The SQL Server system administrator (SA) is similar to an Oracle DBA. The SA account is the centralized administrator for the SQL Server environment and has the following responsibilities:

SQL Server performs no permission checking for the SA, allowing the SA account to access any application or database on the system. Like an Oracle DBA, there are several commands and system procedures that only the SA can issue.

SQL Enterprise Manager and SQL Executive

SQL Server's SQL Enterprise Manager is the SA's administration tool. It offers similar functionality to Server Manager used by the Oracle DBA. SQL Enterprise Manager provides powerful administration tools for managing multiple servers.

Its alert engine enables you to set alerts for various SQL Server events and either notify someone, through e-mail or paging, or automatically execute a task. Additionally, a replication service enables you to set up and administer replication for SQL Servers across your network.

SQL Executive is a scheduling engine that offers robust and varied task scheduling and alerting abilities, and is capable of handling large client/server environments. It is similar in function to the DBMS_JOB job queue scheduling package provided with Oracle. SQL Executive is integrated within SQL Enterprise Manager. Scheduling information is maintained in the msdb database (which is created automatically at SQL Server setup). For information about SQL Enterprise Manager and SQL Executive, see the Microsoft SQL Server Administrator's Companion.

Oracle Database

The term database does not mean the same thing in SQL Server as it does in Oracle. In Oracle, database refers to the entire Oracle DBMS environment and includes the components shown in the illustration.

SQL Server Database

A SQL Server database is used to provide a logical separation of data, applications, and security mechanisms (much like a tablespace). Where Oracle supports multiple tablespaces, SQL Server supports multiple databases.

Database Owner (DBO)

A SQL Server database is similar to an Oracle tablespace in use, but is administered differently. Each SQL Server database is a self-contained administrative domain. It is assigned a Database Owner (DBO) who is responsible for managing the administrative tasks related to that database (unlike Oracle, where one DBA manages the administrative tasks for all tablespaces). These tasks include:

The DBO has permission to do anything within the database. All other database users must be assigned permissions by the DBO. The SA account acts as DBO in any database. It is common in SQL Server installations to only use the SA account for all administration tasks, both server-wide and database-specific. This saves the complexity of managing separate DBO accounts for each database. 

Database System Catalog

Within Oracle, there is one centralized system catalog (data dictionary) for all of the tablespaces on the system. It resides in the SYSTEM tablespace. In SQL Server, each database maintains its own system catalog, which contains information about the following entities within the database:

Centralized System Catalog (master Database)

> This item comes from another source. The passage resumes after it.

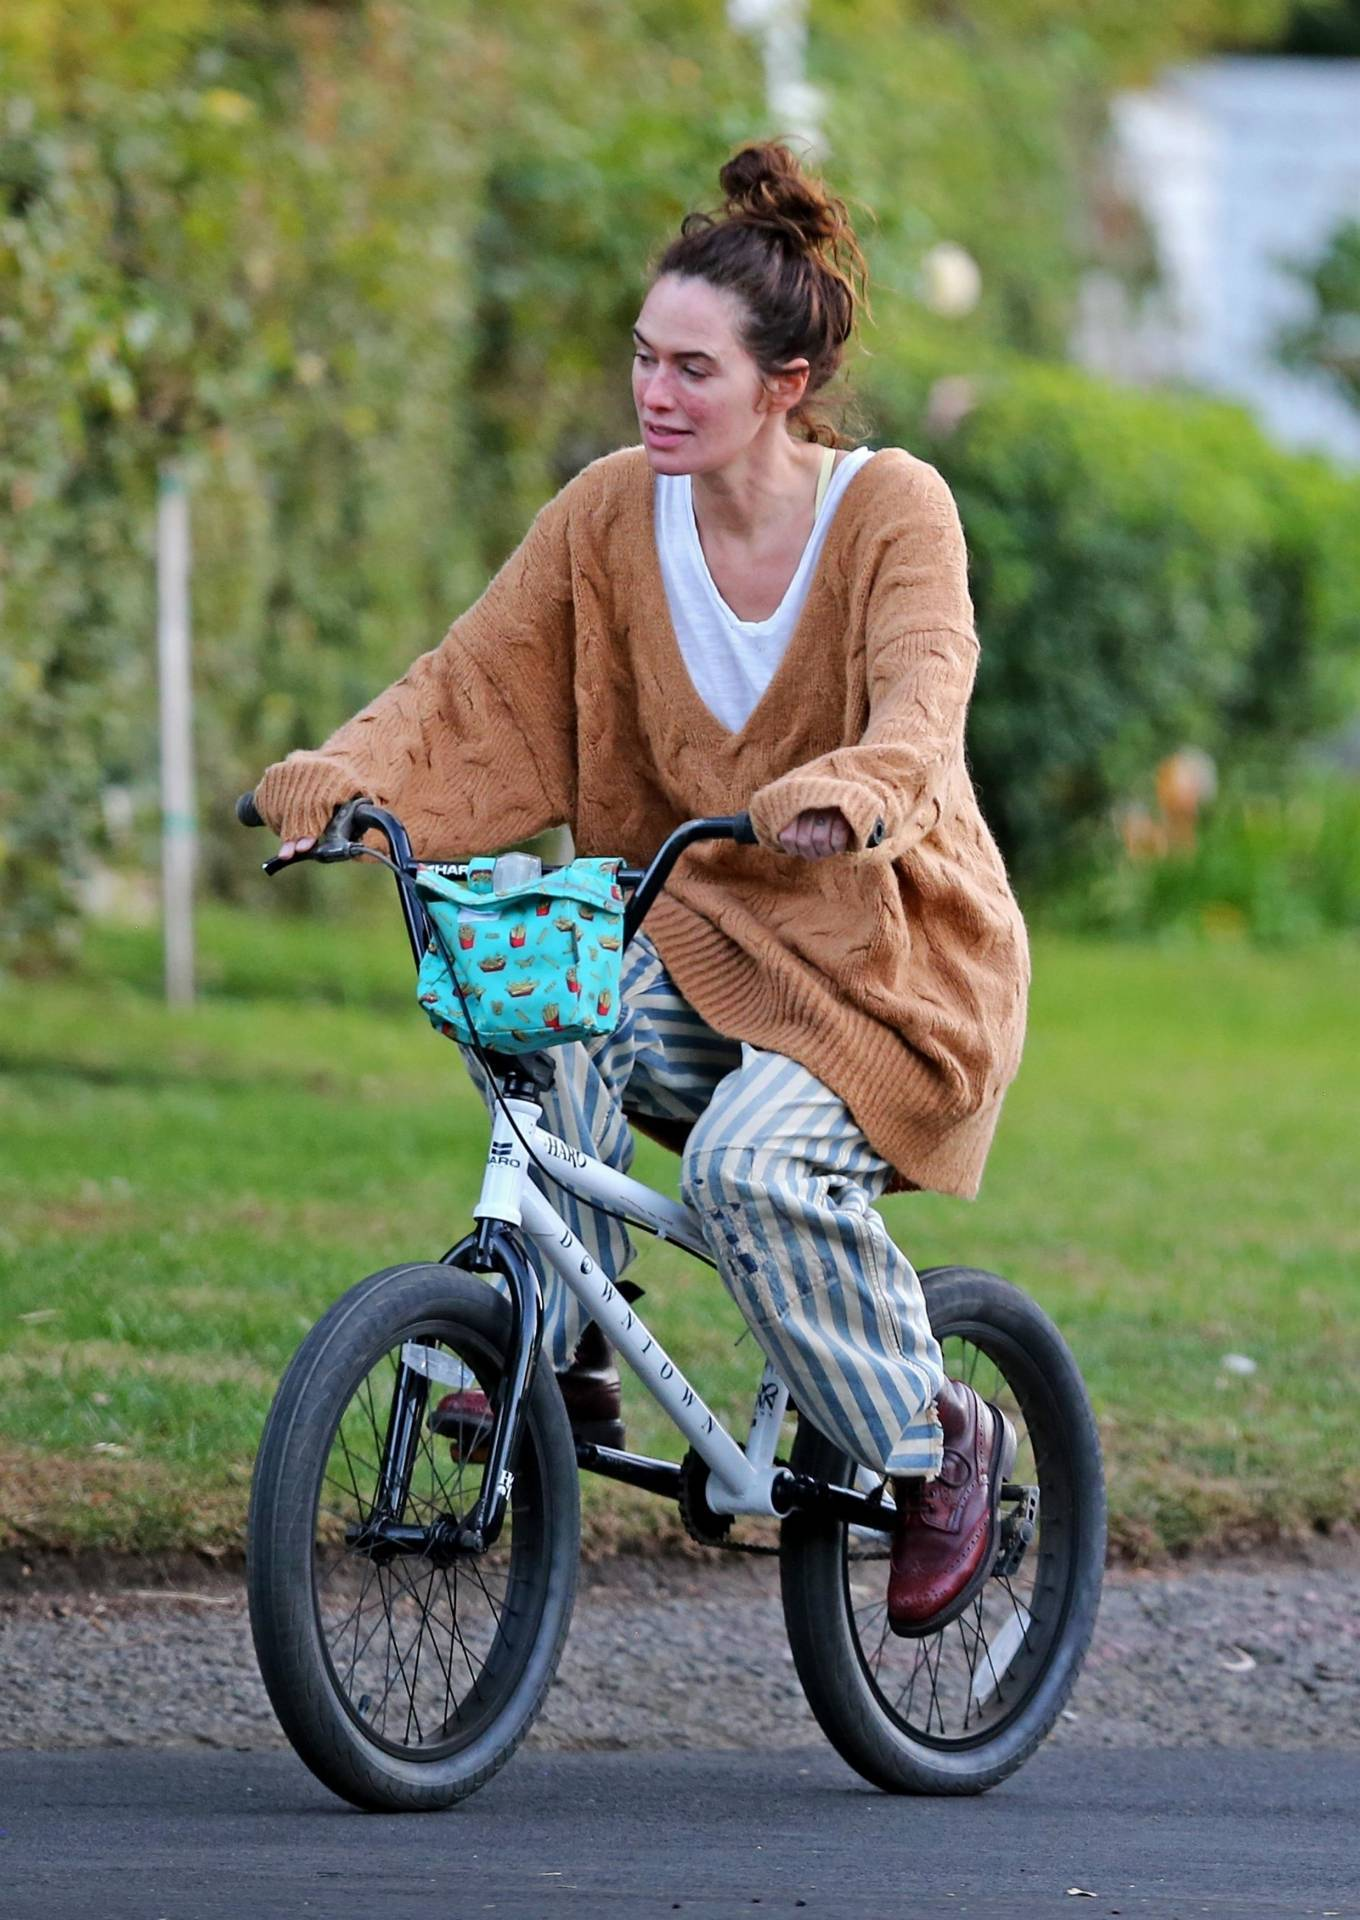 Lena Headey 2020 : Lena Headey – Riding a bicycle in Los Angeles-16

In addition to providing each database with its own system catalog, SQL Server also contains a centralized system catalog in the master database. The master database is a special database that contains the same system catalogs as any other database, but also has information regarding all other databases on the system and configuration information about the system itself:

Like the SYSTEM tablespace in Oracle, the SQL Server master database must be up and running in order to access any other database. As such, it is important to protect against failures by backing up the master database after any changes have been made to it. The DBO for the master database must always be the SA account (just as the Oracle SYS account is always the owner of the SYSTEM data dictionary tables).

Default Databases

In addition to the master database, SQL Server installs the following databases by default.

model

Used as a template for all newly created user databases.

tempdb

Similar to an Oracle temporary tablespace. It is used for temporary working storage and sort operations. Unlike the Oracle temporary tablespace, users can create temporary tables that are automatically dropped when the user logs off.

msdb

Used to support SQL Executive and its scheduling information.

pubs

Provided as a sample learning tool.

For more information about the default databases, see the Microsoft SQL Server Administrator's Companion.

Devices

When an Oracle tablespace is defined, one or more operating-system files are created for its use. After a file has been created for a given tablespace, it cannot be used or shared by any other tablespace.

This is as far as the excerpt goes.